Common variants in CASP3 confer susceptibility to Kawasaki disease.

机构信息

Laboratory for Cardiovascular diseases, Center for Genomic Medicine RIKEN, Yokohama 230-0045, Japan.

出版信息

Hum Mol Genet. 2010 Jul 15;19(14):2898-906. doi: 10.1093/hmg/ddq176. Epub 2010 Apr 27.

Abstract

Kawasaki disease (KD; OMIM 611775) is an acute vasculitis syndrome which predominantly affects small- and medium-sized arteries of infants and children.

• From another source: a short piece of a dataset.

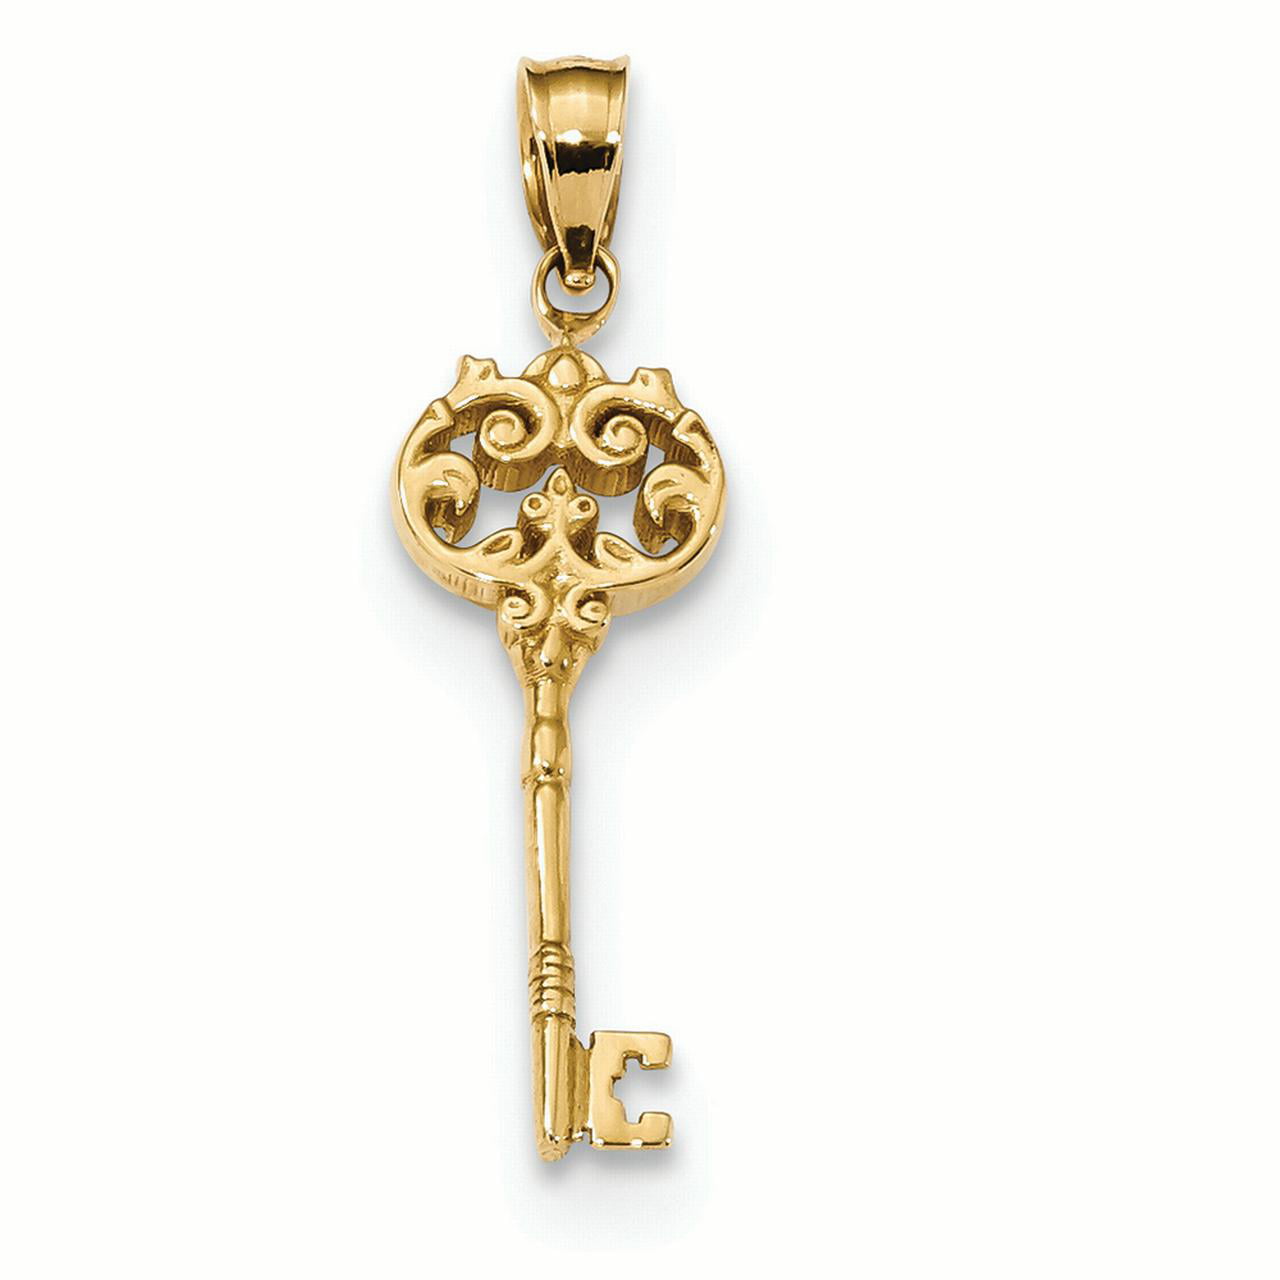 Details about   14K Two-Tone Gold Fancy Flower Charm Pendant MSRP $494
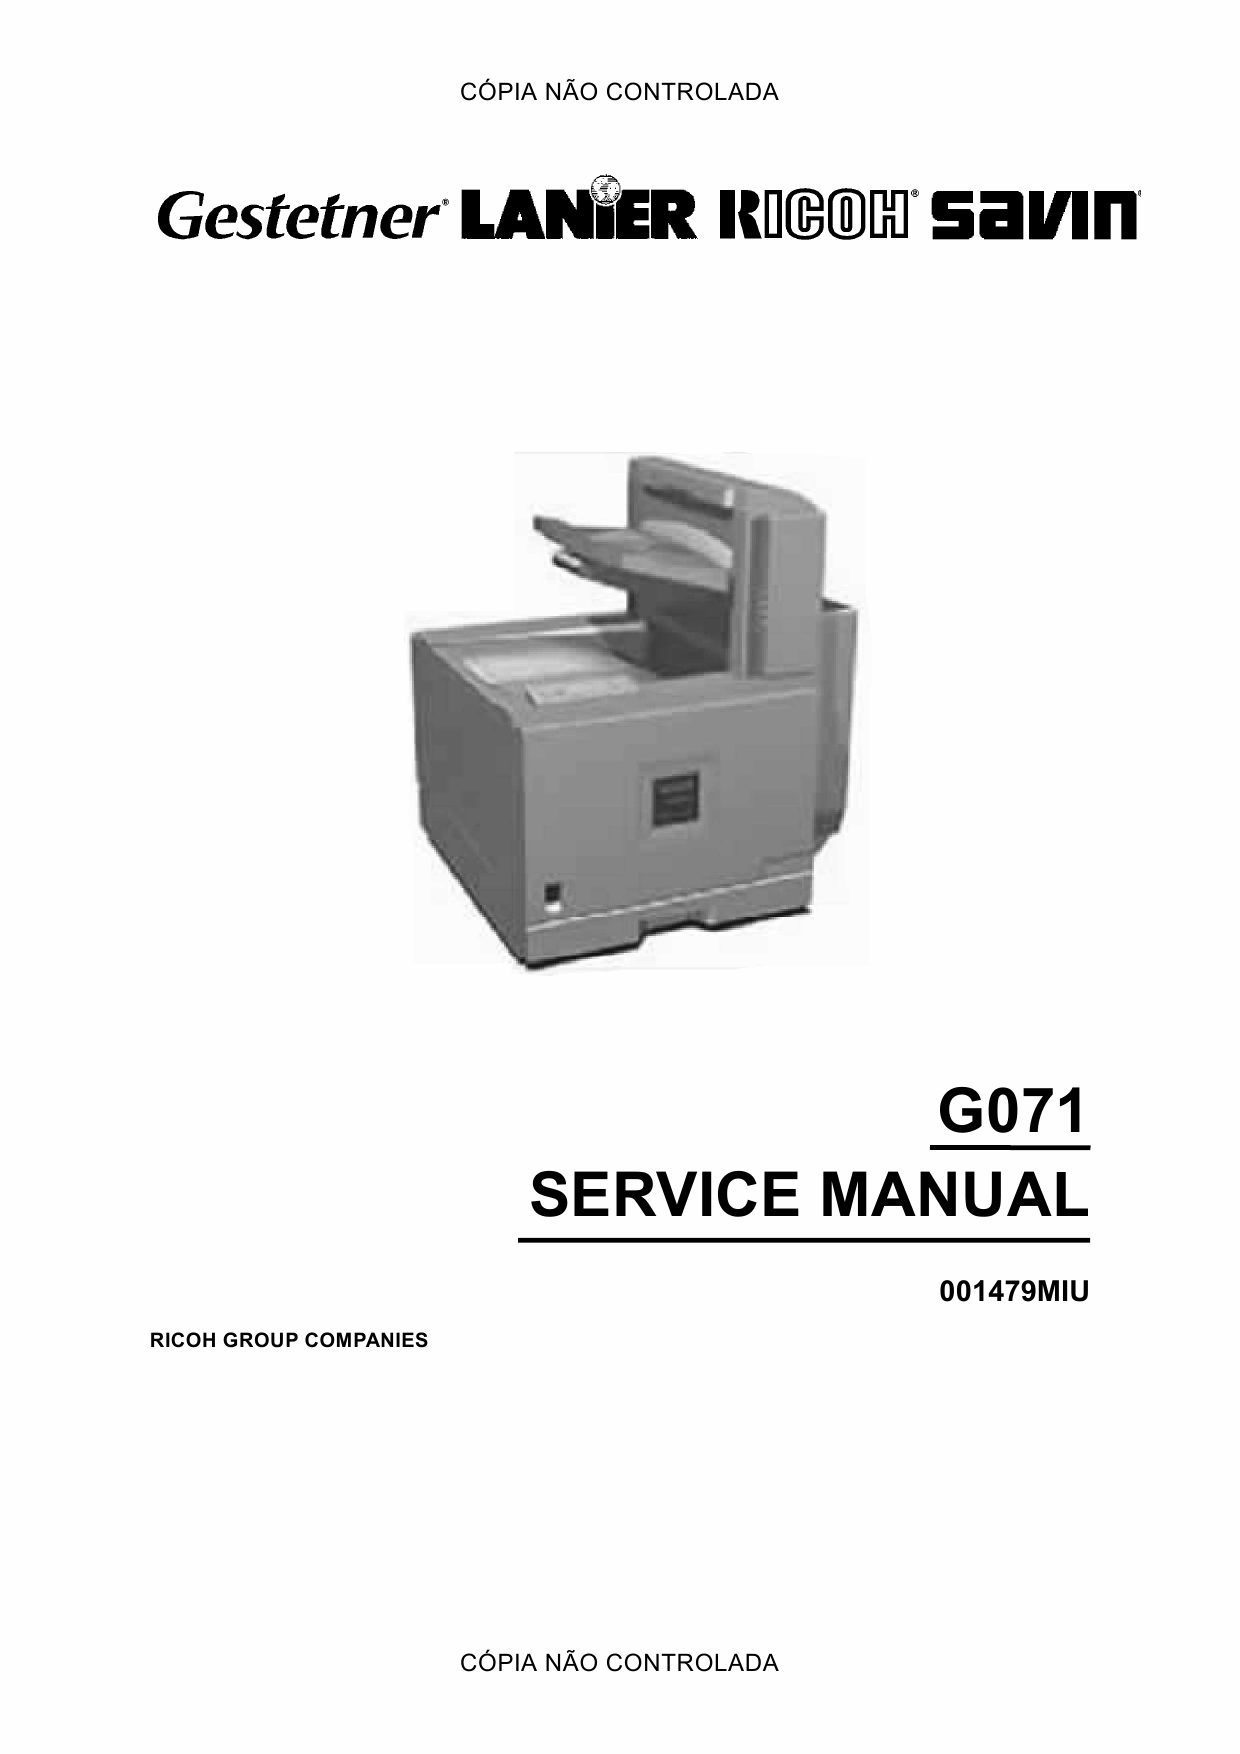 RICOH Aficio CL-5000 G071 Service Manual-1

Epidemiological data suggest that host genetics underlie the disease pathogenesis. Here we report that multiple variants in the caspase-3 gene (CASP3) that are in linkage disequilibrium confer susceptibility to KD in both Japanese and US subjects of European ancestry. We found that a G to A substitution of one commonly associated SNP located in the 5' untranslated region of CASP3 (rs72689236; P = 4.2 x 10(-8) in the Japanese and P = 3.7 x 10(-3) in the European Americans) abolished binding of nuclear factor of activated T cells to the DNA sequence surrounding the SNP. Our findings suggest that altered CASP3 expression in immune effecter cells influences susceptibility to KD.

摘要

川崎病(KD;OMIM 611775)是一种主要影响婴幼儿中小动脉的急性血管炎综合征。流行病学数据表明,宿主遗传学是疾病发病机制的基础。在这里,我们报告称,位于半胱氨酸天冬氨酸蛋白酶 3(CASP3)基因中的多个与连锁不平衡相关的变体可使日本和美国欧洲裔人群易患 KD。我们发现,位于 CASP3 5'非翻译区的一个常见相关 SNP(rs72689236;日本人中的 P = 4.2×10(-8),欧洲裔美国人中的 P = 3.7×10(-3))的 G 到 A 取代消除了核因子活化 T 细胞与 SNP 周围 DNA 序列的结合。我们的研究结果表明,免疫效应细胞中 CASP3 表达的改变影响了 KD 的易感性。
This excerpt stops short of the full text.